Sevanagala Sugar executive murdered after factory reopens
A senior executive at the Sevanagala Sugar factory was murdered last week as the situation worsened after President Mahinda Rajapakse stepped into the crisis and ordered the factory to resume work following a month-long strike by workers.

Ajith Dharmaratne, a 55-year old production supervisor and long-standing employee, was discovered dead with gunshot wounds on Wednesday in his quarters inside the factory premises, triggering panic amongst executives and senior managers.

“The situation is critical and the Sevanagala police are not effective,” a worried Sevanagala Sugar chairman Daya Gamage told The Sunday Times FT. There are a few policemen inside the factory premises and outside.

Gamage urged the government to send a special police team from Colombo to probe the murder and called for stepped up security at the site near Embilipitiya, saying the situation was getting out of control.

The factory had re-opened on Tuesday after a meeting last Friday chaired by President Rajapakse where the workers were asked to return to work immediately. Those present at the meeting included company and union representatives, the PERC Director General and JHU MP Rev Omalpe Thero who comes from Embilipitiya.
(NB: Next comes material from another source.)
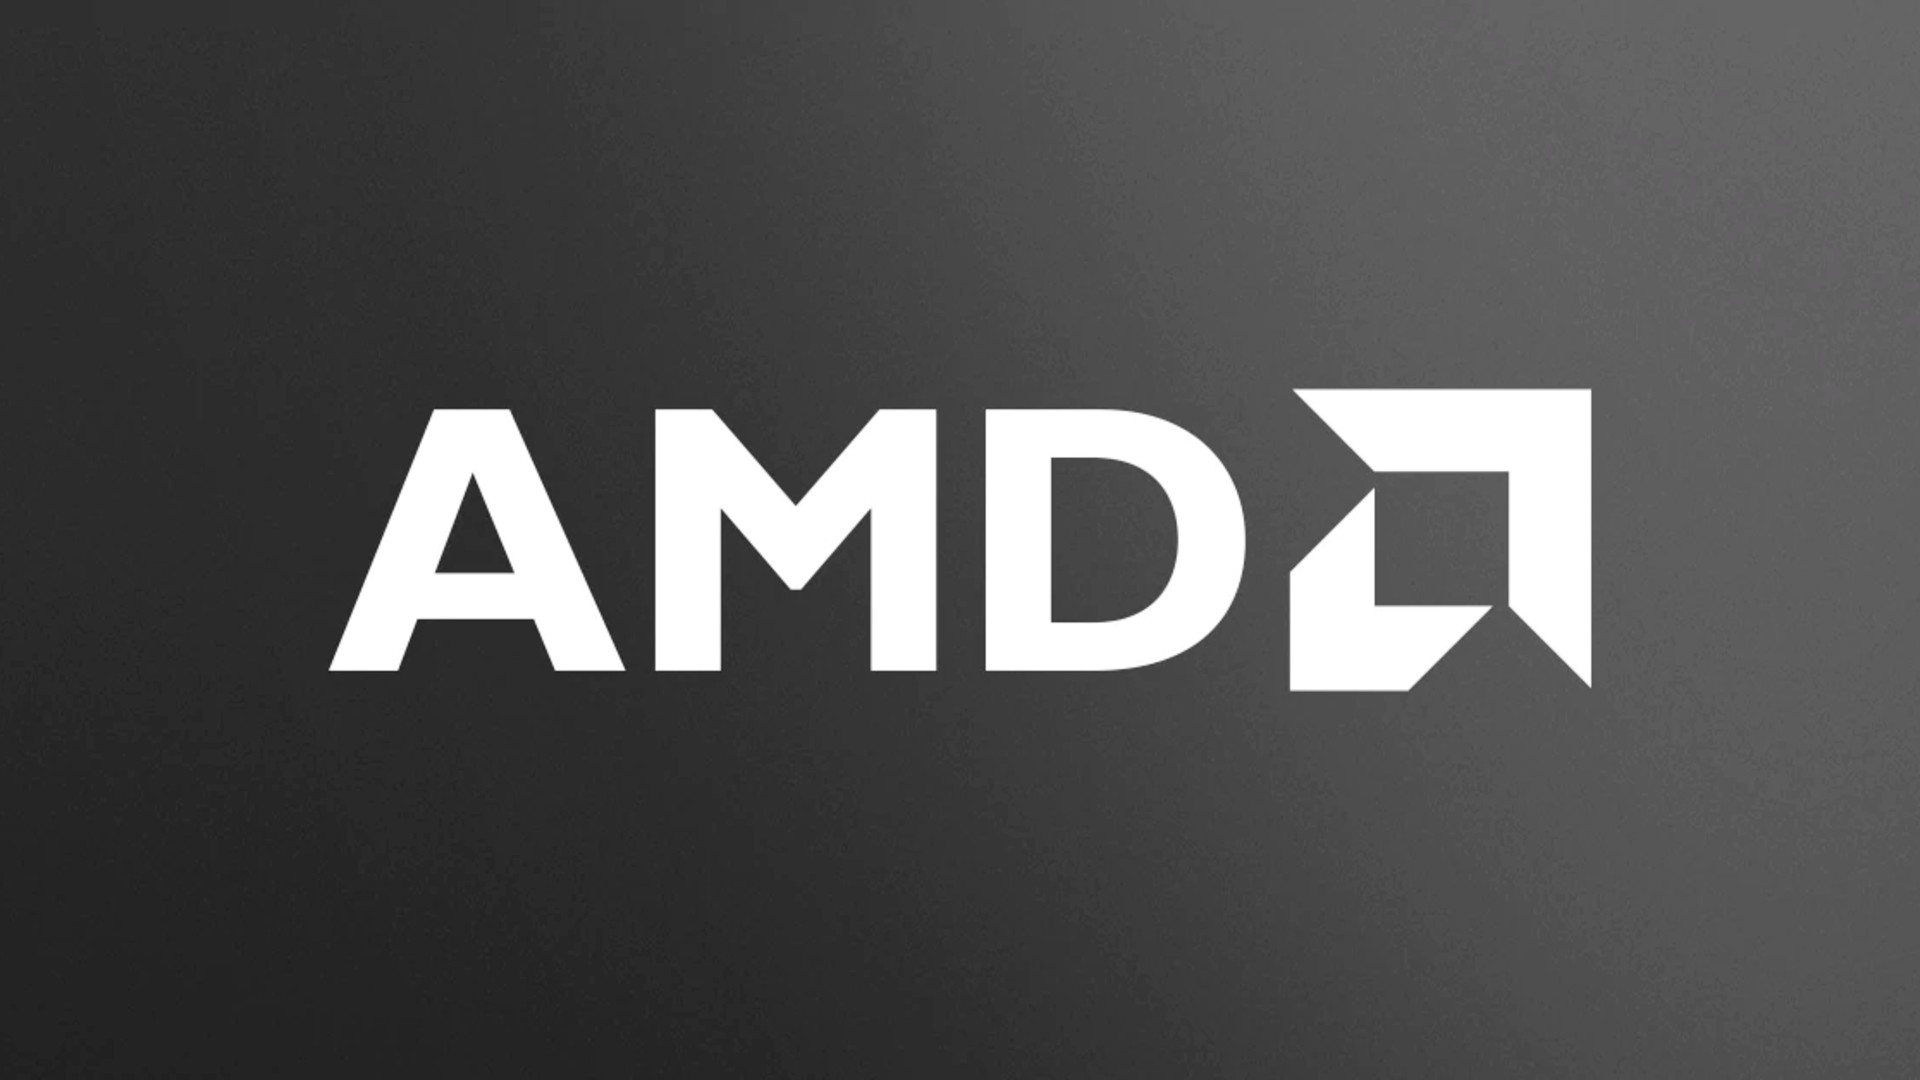 Amd-logo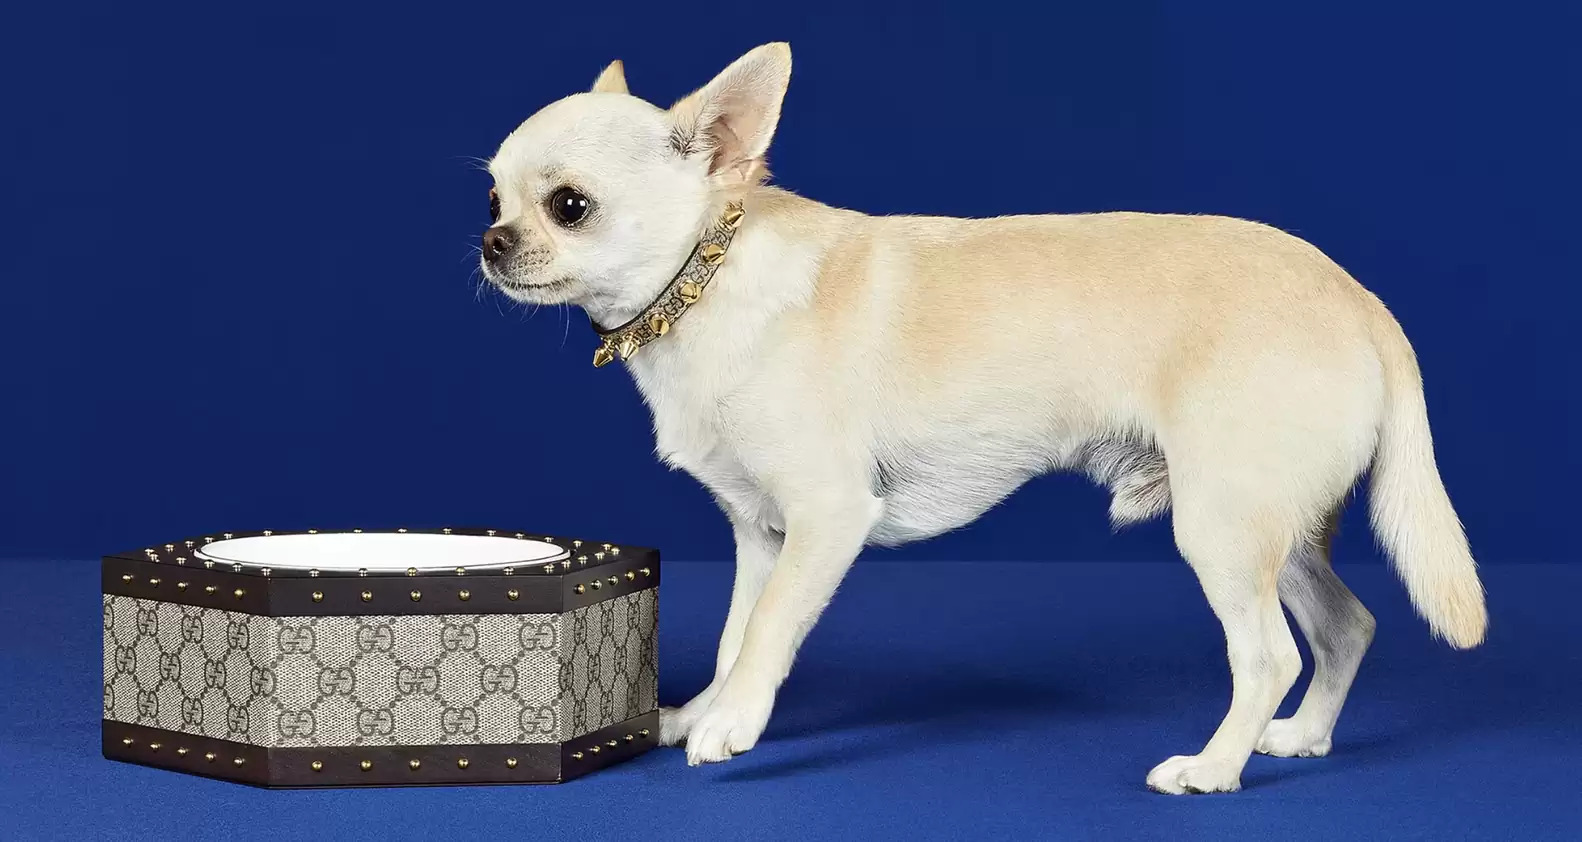 Meet Gucci #dog #friendship #chow

A separate supervisory council was set up by the President comprising representatives from the company, unions and the Labour Commissioner’s Office to keep the President regularly briefed on the developments.

It was the president’s first industrial crisis since winning the November presidential poll. Workers, led largely by the SLFP’s Sri Lanka Nidahas Sevaka Sangamaya (SLNSS), have been on strike over increased wages claims and allegations of assault.

Sevanagala, privatized in June 2002 and now owned by the Daya Group, supplies 15 percent of the sugar demand in the country. Gamage said the company had completely turned around the once-loss making factory. Sugar yields and sugar production have increasd substantially under private sector management.

He said employees have been threatened in the past by a group of workers who are backed by outside gangs who have weapons. “Security is a serious problem.”

Gamage said the company was hoping to pump in close to Rs 800 million in the village economy in the year ending March 2006 compared to Rs 280 million when the factory was under state control. So far direct losses to the company from the strike are Rs 70 million with a much higher figure for indirect losses.